-------- Recorded data

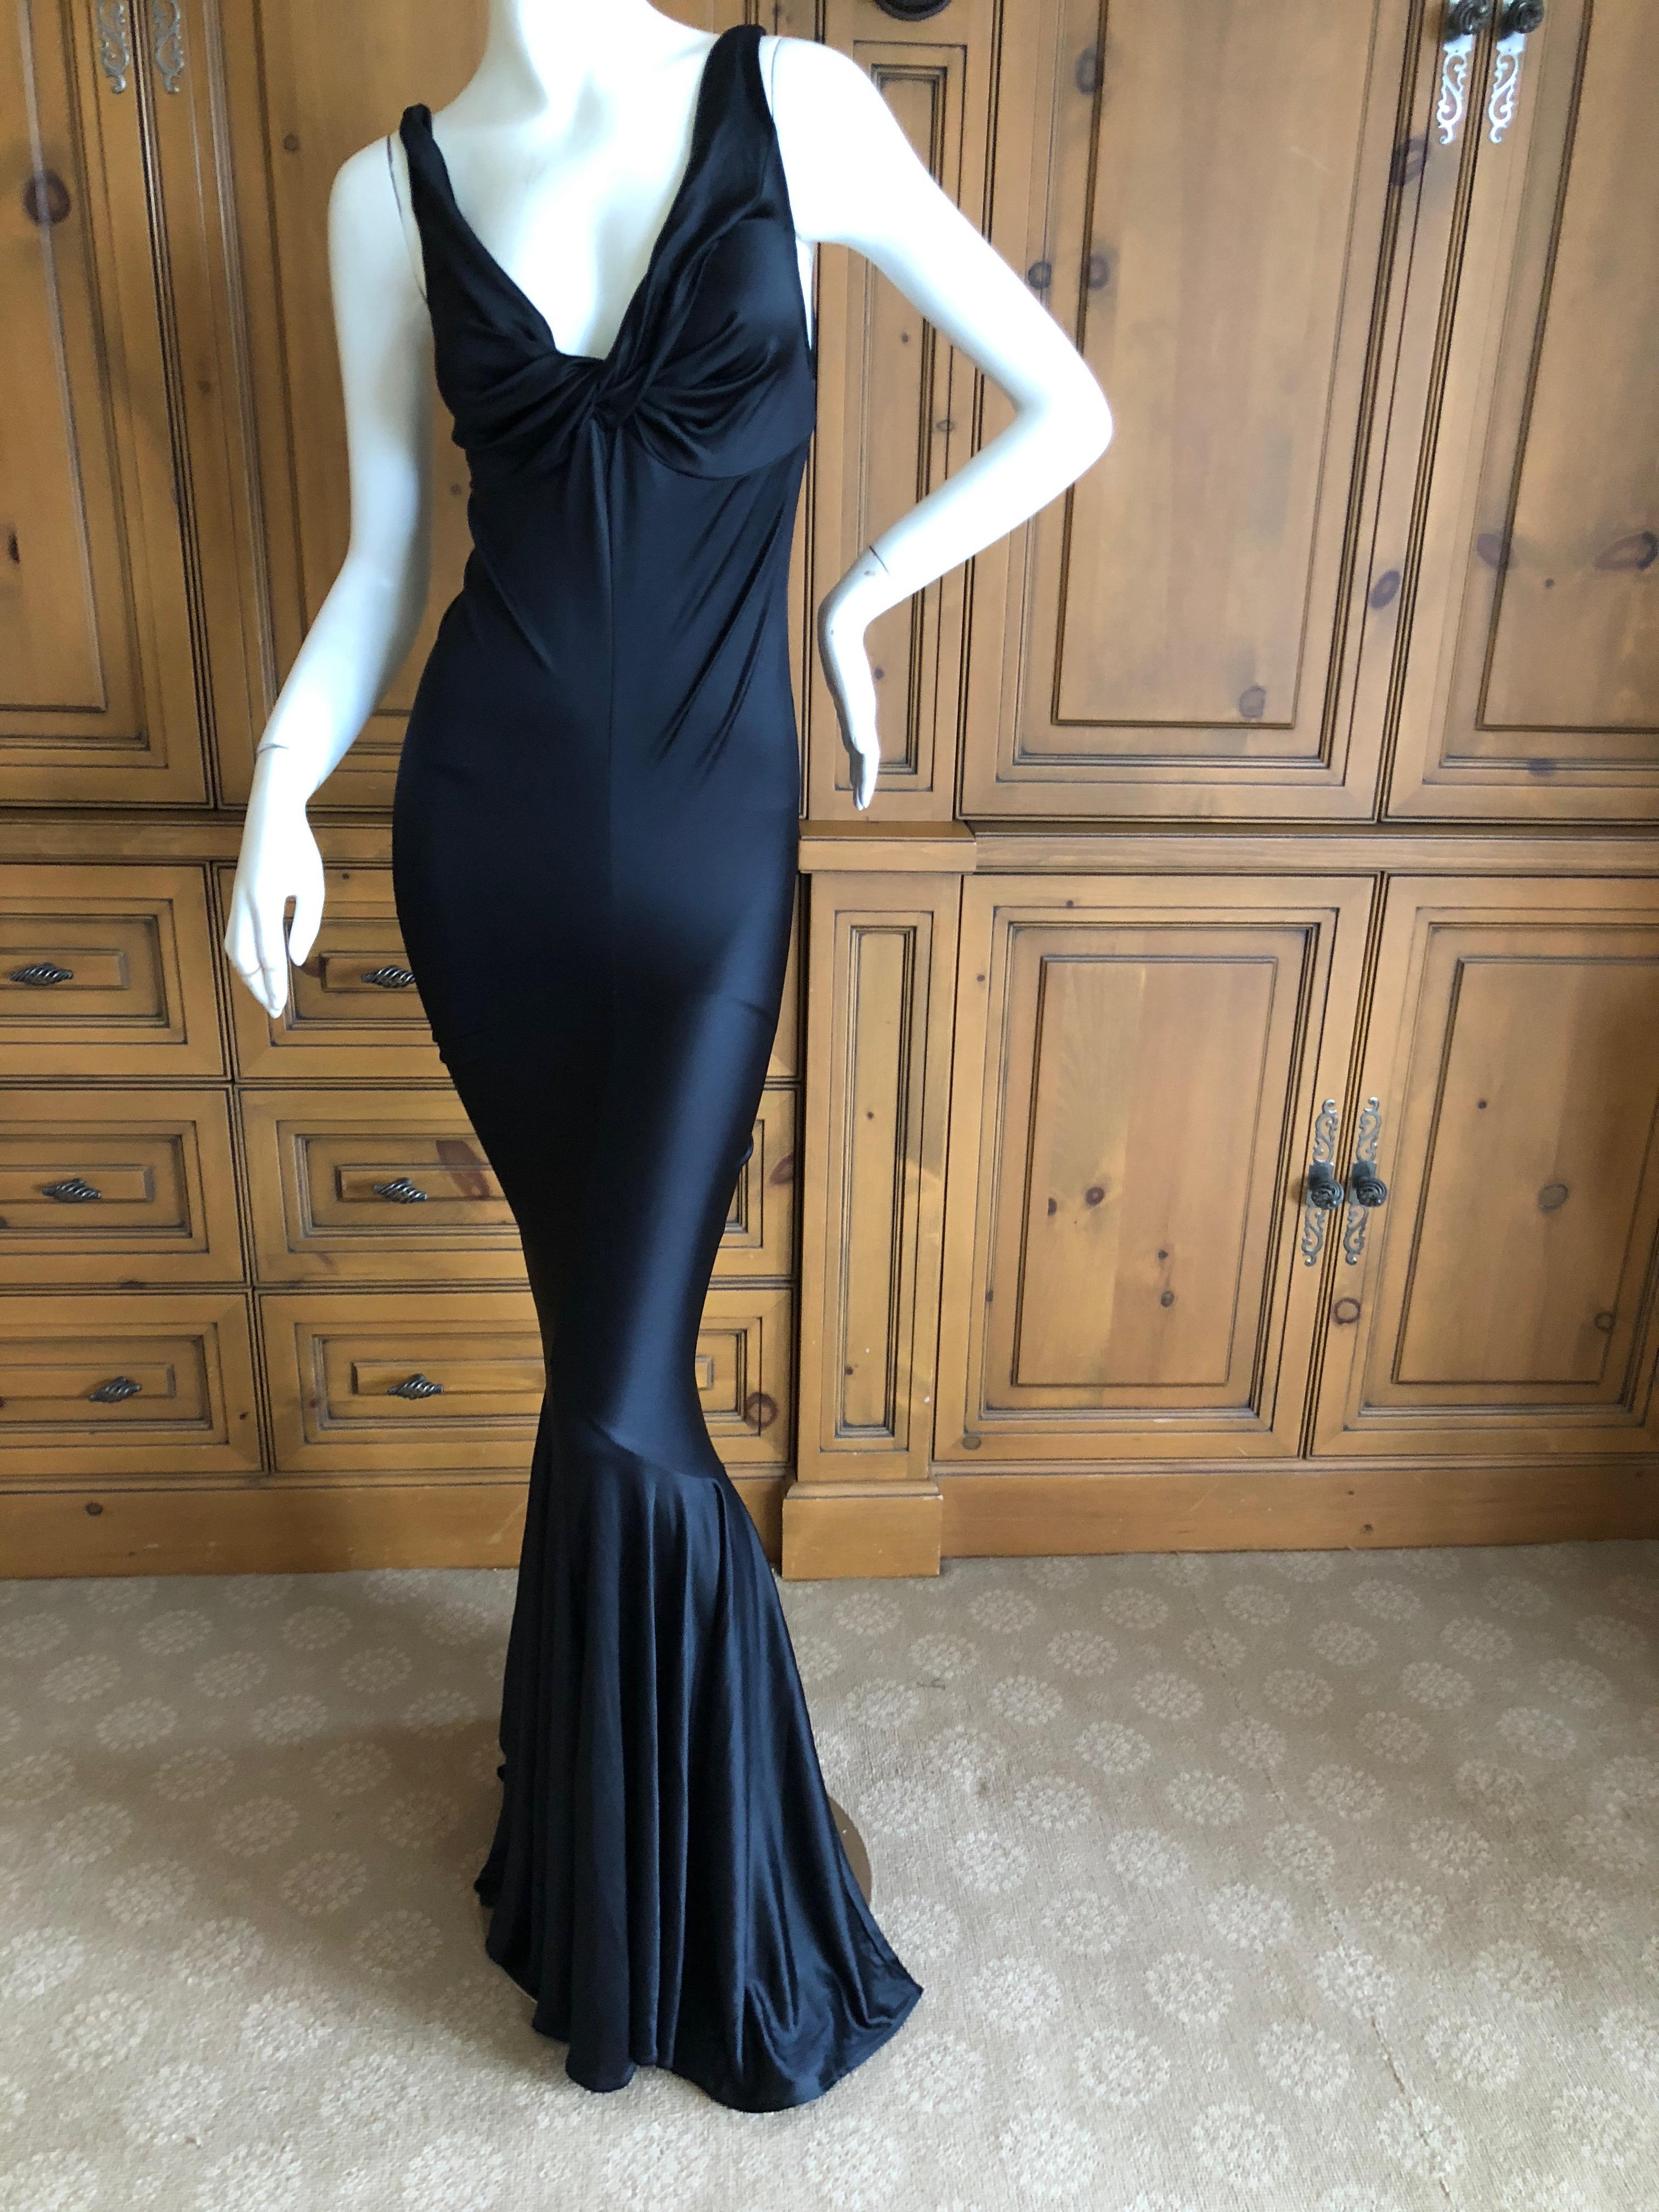 
Exquisite long black evening dress from early label John Galliano.
Size L
Bust 36

----------------

§ Exercise directions:
Transcribe all of the data above verbatim but omit every picture.

§ Response area:
Exquisite long black evening dress from early label John Galliano.
Size L
Bust 36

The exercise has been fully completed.